Capture intent — understand what the skill should do
Interview — nail down edge cases, formats, dependencies
Write SKILL.md draft — following OpenClaw conventions
Run test cases — with-skill vs baseline, in parallel via subagents
Grade and benchmark — quantitative evals while runs execute
Review results — static HTML viewer (headless Mini, no browser)
Iterate — improve based on feedback, repeat until satisfied
Optimize description — automated trigger accuracy tuning

Jump in wherever the user is in this process. If they already have a draft, skip to eval/iterate. If they say "just vibe with me", skip the formal evals.

Environment

This skill runs on a headless Mac Mini via OpenClaw. Key constraints:

No browser/display — use --static mode for all viewers, save HTML files for the user to download or view via screen share
claude -p requires keychain access — the eval/optimization scripts (run_eval.py, run_loop.py, improve_description.py) use claude -p which needs macOS keychain auth. These scripts will not work from the OpenClaw gateway LaunchAgent session. Use the core workflow (capture intent → write SKILL.md → iterate via conversation) instead. The eval scripts are available for manual use via Terminal or screen share.
Skills deploy to ~/.openclaw/skills/ — real directory copies, not symlinks (OpenClaw rejects symlinks via fs.realpathSync())
claude CLI available at /opt/homebrew/opt/node@22/bin/claude
Python 3 at /opt/homebrew/bin/python3
Subagents available — spawn test runs in parallel
Skill template at openclaw/templates/skill/SKILL.md in the dotfiles repo; read openclaw/SKILL-AUTHORING.md before copying it into openclaw/skills/

Communicating with the user

Adapt your language to context cues. Default: "evaluation" and "benchmark" are fine; explain "JSON" or "assertion" before using them unless the user signals technical fluency.

Creating a skill

Capture Intent

What should this skill enable the agent to do?
When should this skill trigger? (trigger words, contexts)
What's the expected output format?
Should we set up test cases? Skills with objectively verifiable outputs (file transforms, API calls, device control) benefit from test cases. Skills with subjective outputs (writing, conversation) often don't.

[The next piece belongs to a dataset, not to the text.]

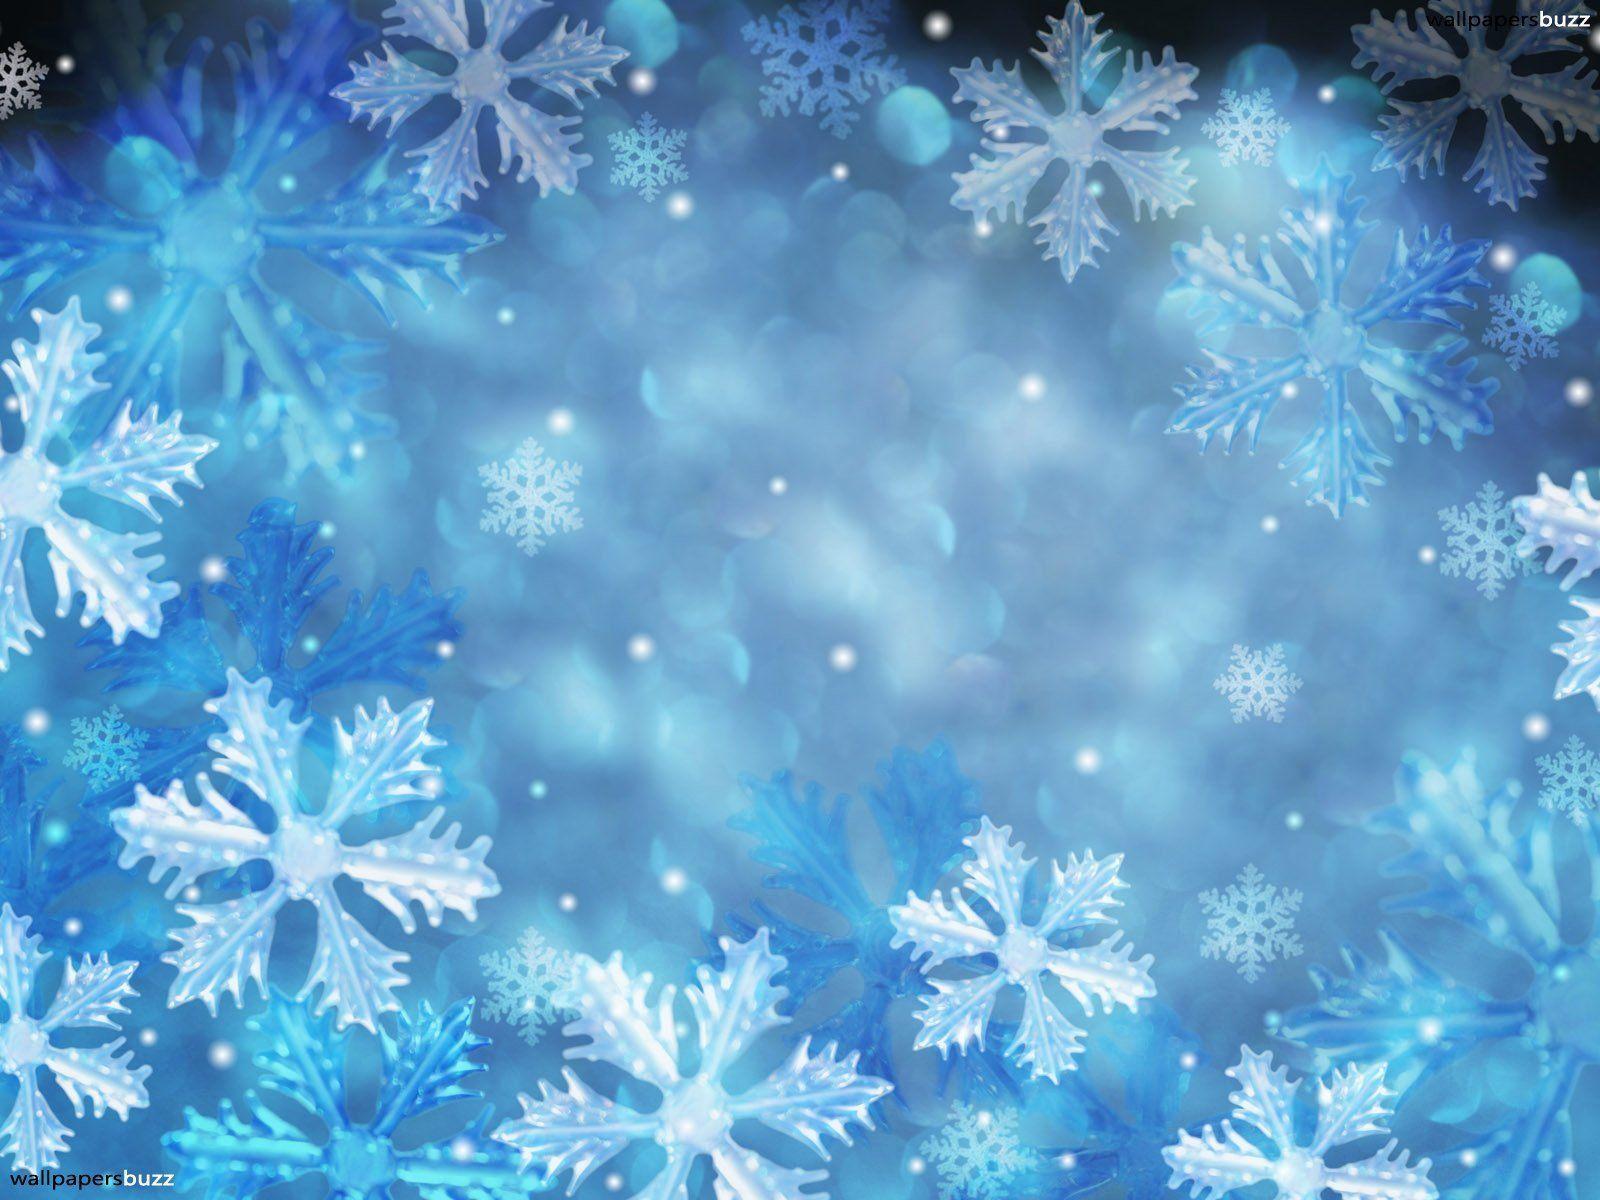 Wallpaper For > Winter Snowflake Wallpaper
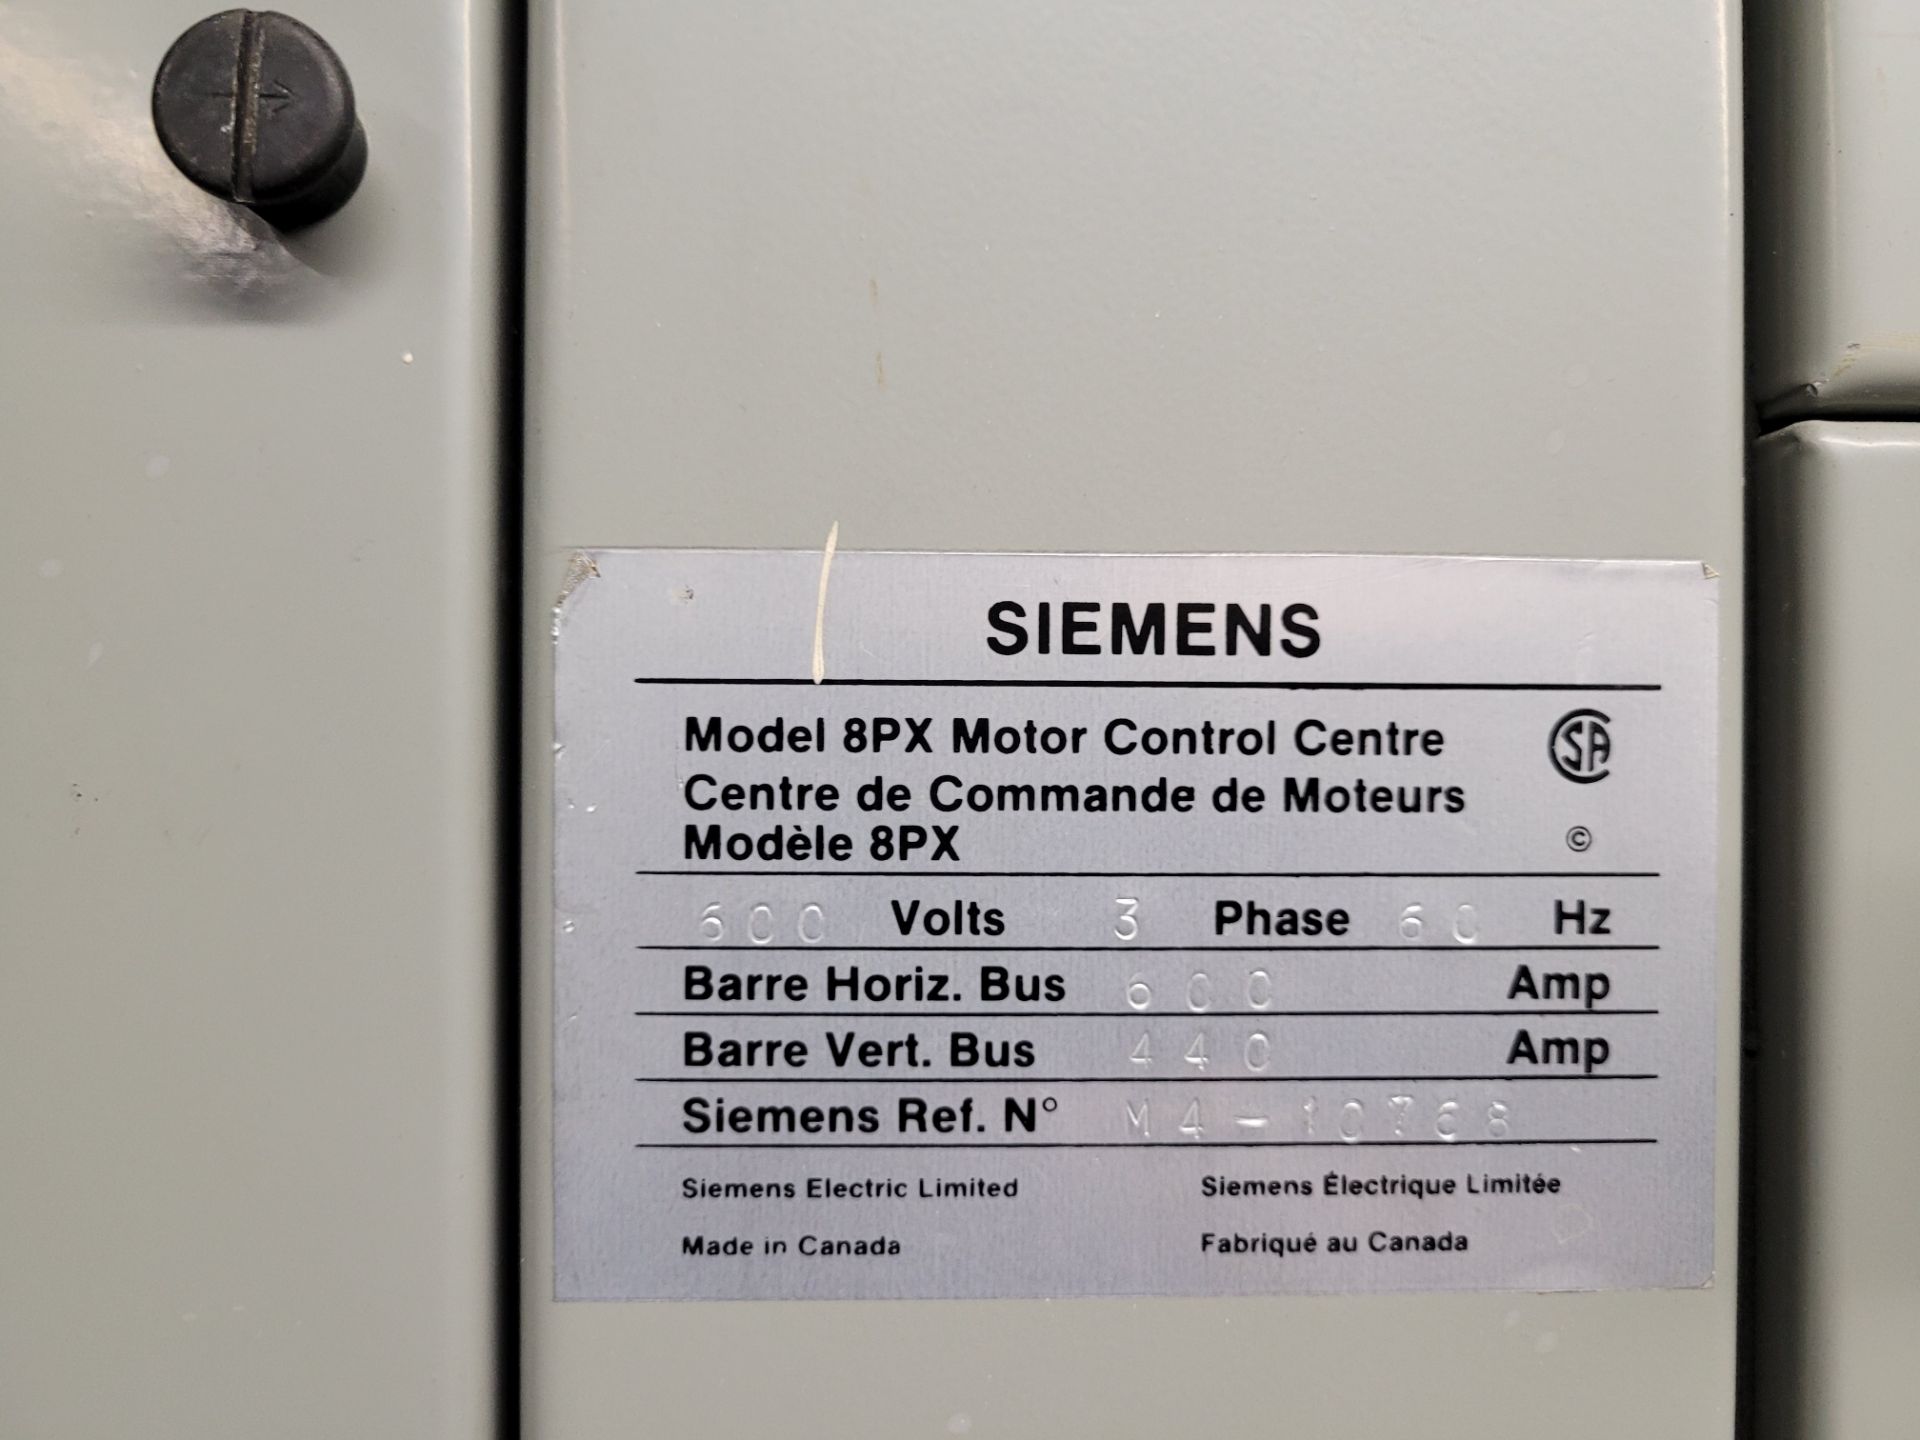 SIEMENS Model 8PX Motor Control Center 600V 3 Ph 60Hz ref. M4-10768 - Image 5 of 19

If the current conversation already contains a workflow to capture ("turn this into a skill"), extract answers from conversation history first.

Interview and Research

Ask about edge cases, formats, dependencies. Check available MCPs for research. Wait to write test prompts until this is solid.

Write the SKILL.md

Follow OpenClaw conventions (see openclaw/SKILL-AUTHORING.md and the non-deployable template at openclaw/templates/skill/SKILL.md):

Frontmatter (required):

name: kebab-case, under 64 chars
description: Primary triggering mechanism. Include what it does AND when to use it. Be slightly "pushy" — Claude undertriggers skills. All "when to use" info goes here, not in the body.
allowed-tools: Restrict tool access if the skill uses CLI wrappers
metadata: OpenClaw-specific metadata (emoji, required bins)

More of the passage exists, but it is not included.